After we packed up camp we headed towards Lake St. Clair. The original plan was to hike around the lake; there were supposed to be some great trails around there, but the snow continued throughout the morning. If anything it got worse! We went down to the lake, but it wasn’t worth the misery of hiking in the driving snow when we wouldn’t even get the pretty views. Instead, we hung out at the visitor’s center drinking hot chocolate around the fire and checking out their great displays about the Overland Track, conservation in Tasmania, and all the amazing wildlife on the island. It was still a nice way to pass the time, but the guys were even more annoyed at the change in plans.
Beautiful day at the lake

Nice view from the pier, apparently there were mountains behind us, but I don't know if I believe that...
We left and turned east again, making our way back towards Hobart, our road trip almost over. Just past Lake St. Clair we stopped at a really unique gallery in the middle of nowhere called The Wall in the Wilderness. The artist who owns it, Greg Duncan, does sculptures in wood and he has a strong interest in the history of Tasmania, particularly the settlement and logging of the island. He carves the most amazing things out of Huon pine, a tree native to Tasmania that smells soooo good. We stepped out of the cold and the snow into a beautiful warm gallery with nice music playing, bought a glass of actual wine (not goon), and wandered around looking at the artwork. It was such a welcome taste of civilization after camping in a van for a week. Of course, the guys stayed in the car because they didn’t want to pay the $10 fee to go inside.

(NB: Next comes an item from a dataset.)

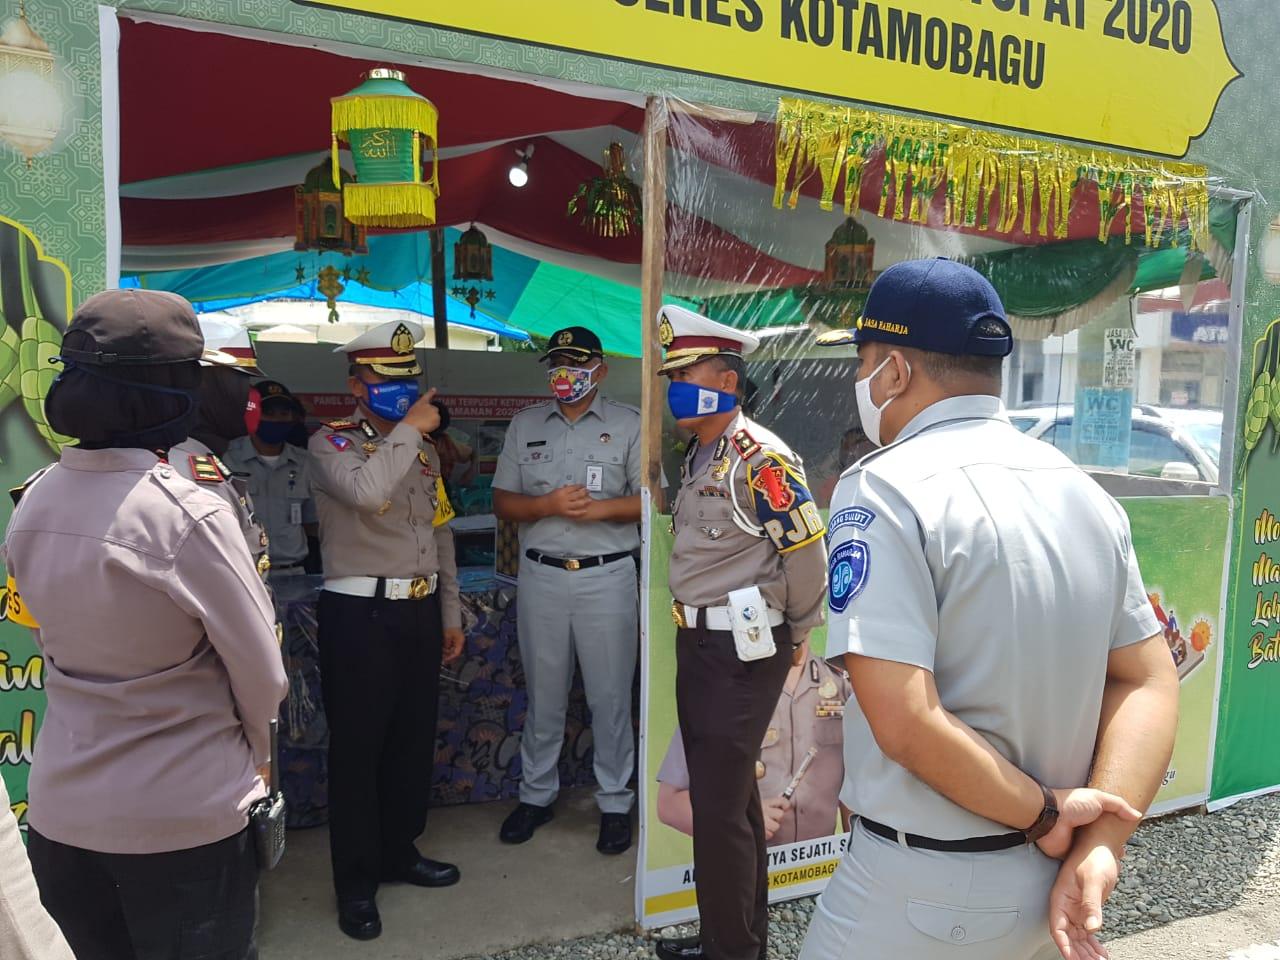 JR Kotamobagu Dampingi Pimpinan JR Sulut dan Dirlantas.

It was incredible. Everything this guy carved looked real. He did a lot of logging paraphernalia; axes, gloves, saws, heavy coats and overalls hanging on racks, things like that. They look so real, like you could grab a hat off a hook on the wall and put it on. He also does carvings of Tasmanian wildlife, including life-sized fetal Tasmanian Tigers, now extinct, and Tasmanian Devils, endangered now and on the way to extinction. The Wall itself is a project he has been working on since the early 2000’s, it is almost done now and when it’s finished it will be 100 meters long. It is carved with incredibly lifelike scenes from Tasmanian history, the people look like they could step off the wall and walk around the gallery with you. He requests that people don’t take pictures of his art, so I highly recommend checking out his website for pictures, it’s breathtaking.
Awesome eagle statue at The Wall
The length of the gallery
The front of the gallery. So pretty in the snow!
After The Wall it was on to Hamilton, a tiny little town where the sheep population outstrips the human population by the thousands. We camped in a really nice campground along a creek near the Hamilton Inn, and were so happy to get sun that afternoon! The weather changed so fast our heads were spinning! We jumped at the chance to air out our funky snow-damp bedding and clothes and grab a cold beer and hot meal at the Inn. The guys weren’t speaking to Vanessa and I at all at this point, we found out later that they were mad because they had to wait for us at The Wall, and Tony was still struggling with the blow to his ego. I’m not entirely sure Pierre knew what was going on, but he stuck with the other guys. We didn’t mind at all, especially when we met a really nice Australian couple that was camping nearby who shared their fire, fresh coffee and homemade cookies with us. Australians, especially in the smaller towns and cites, are some of the nicest and friendliest people I’ve ever met!
The creek next to our campsite. There was a platypus walk next to it, but we saw no platypus. Apparently they are shy.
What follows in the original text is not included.